Tuesday, January 25, 2011

The Limits of Older Tech

I am a real fanatic when it comes to older technology; this goes without saying, considering the name of this blog. However, and I need to stress this here, I am more interested in practical applications for older technology than just a hobbyist approach.

In other words, making actual use of them.

The trouble is that older tech is prone to problems that simply cannot be addressed easily. Nowhere was this more apparent than in my attempts to update a 1993 era ThinkPad 500 to twenty first century standards. It just couldn't be done, and I have to admit a bit of heartbreak there, because it is such a nice, sturdy old machine. Recently, I managed to get a good, proper install of Windows 98SE onto my ThinkPad 760XD, only to glitch it.

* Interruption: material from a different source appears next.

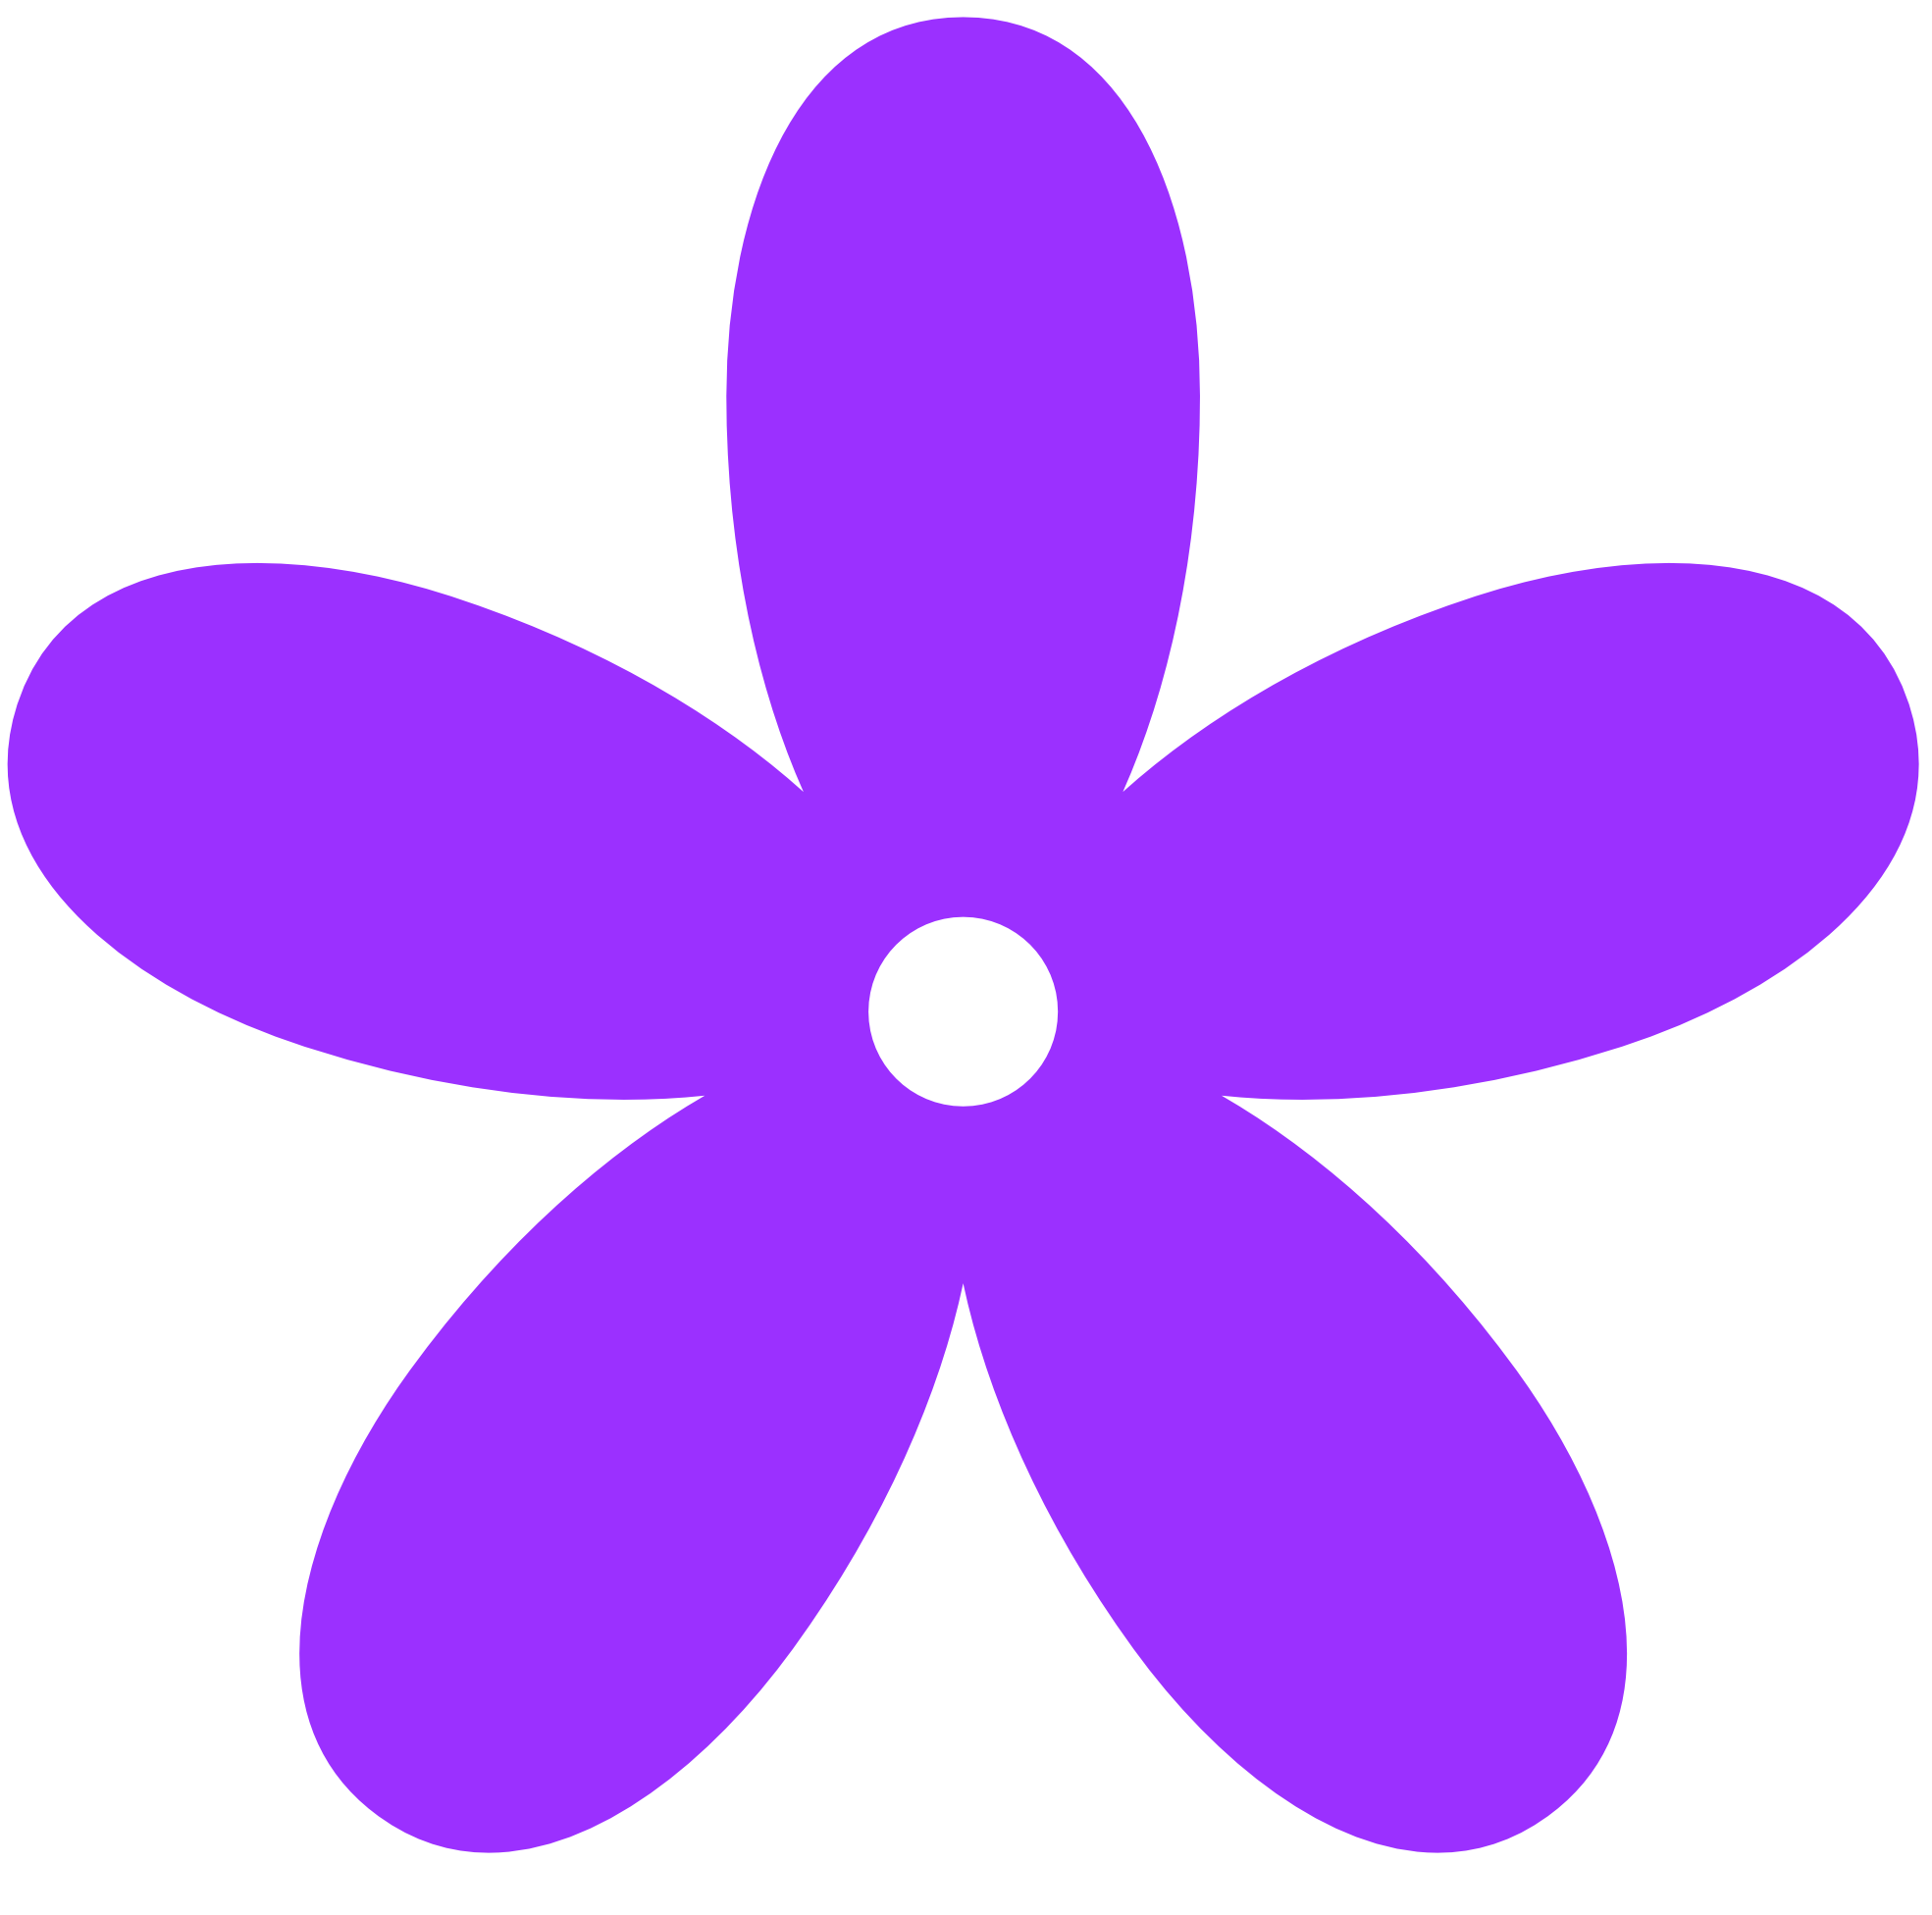 Retro Flower 8 Color Colour Purple 1 Peace xochi.info ...

Sadly, this was even after installing WiFi and a fairly modern browser. But at 64MB RAM and a 166mHz CPU, there is only so much that can be done with it by modern standards.

That's not to say that the machine is doomed. It certainly isn't, as options still exist. But, with a RAM limit of 96MB, it is going to be a challenge.

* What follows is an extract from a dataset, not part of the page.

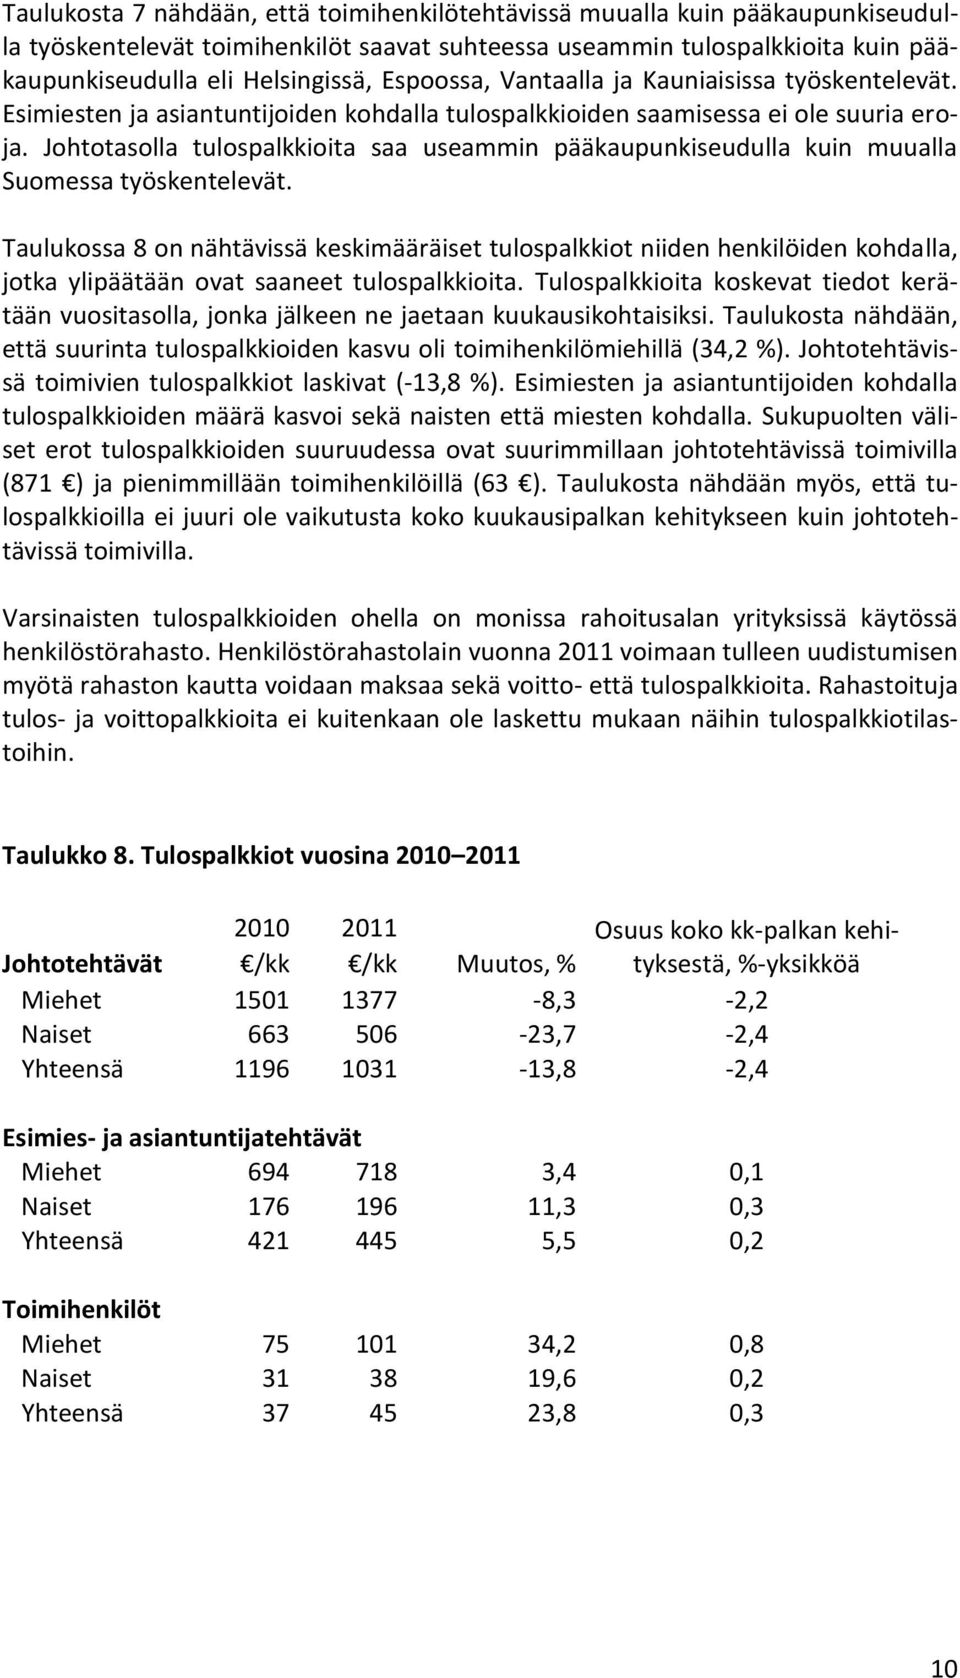 Johtotasolla tulospalkkioita saa useammin pääkaupunkiseudulla kuin muualla Suomessa työskentelevät.

Truth be told, they do reach a point where they simply cannot be modernized any further. They are victims of age. My ThinkPad 500 runs Windows 95 beautifully, and the 760XD does the same with 98SE. There are Linux and other open source distros out there that could aid both machines, but even they have limits, and in many cases development has simply ceased on them. You may end up with a more modernized operating system, but in the end, they get left behind by the steady march of technology.

At least surplus technology is moving ahead as well. In 1999, a typical surplus laptop might have been a 386 or even a 486 equipped machine (or, in Mac parlance, a 68030 class). Today, Pentium III's and Celerons are frequently found, as are G3's and 4's. They are far newer than the two aforementioned ThinkPads, and subsequently more usable.

The notion, however, that older machines should simply be neglected bothers me. Perhaps in the end, you reach a limit, and once you run into that wall, you simply cannot go any further.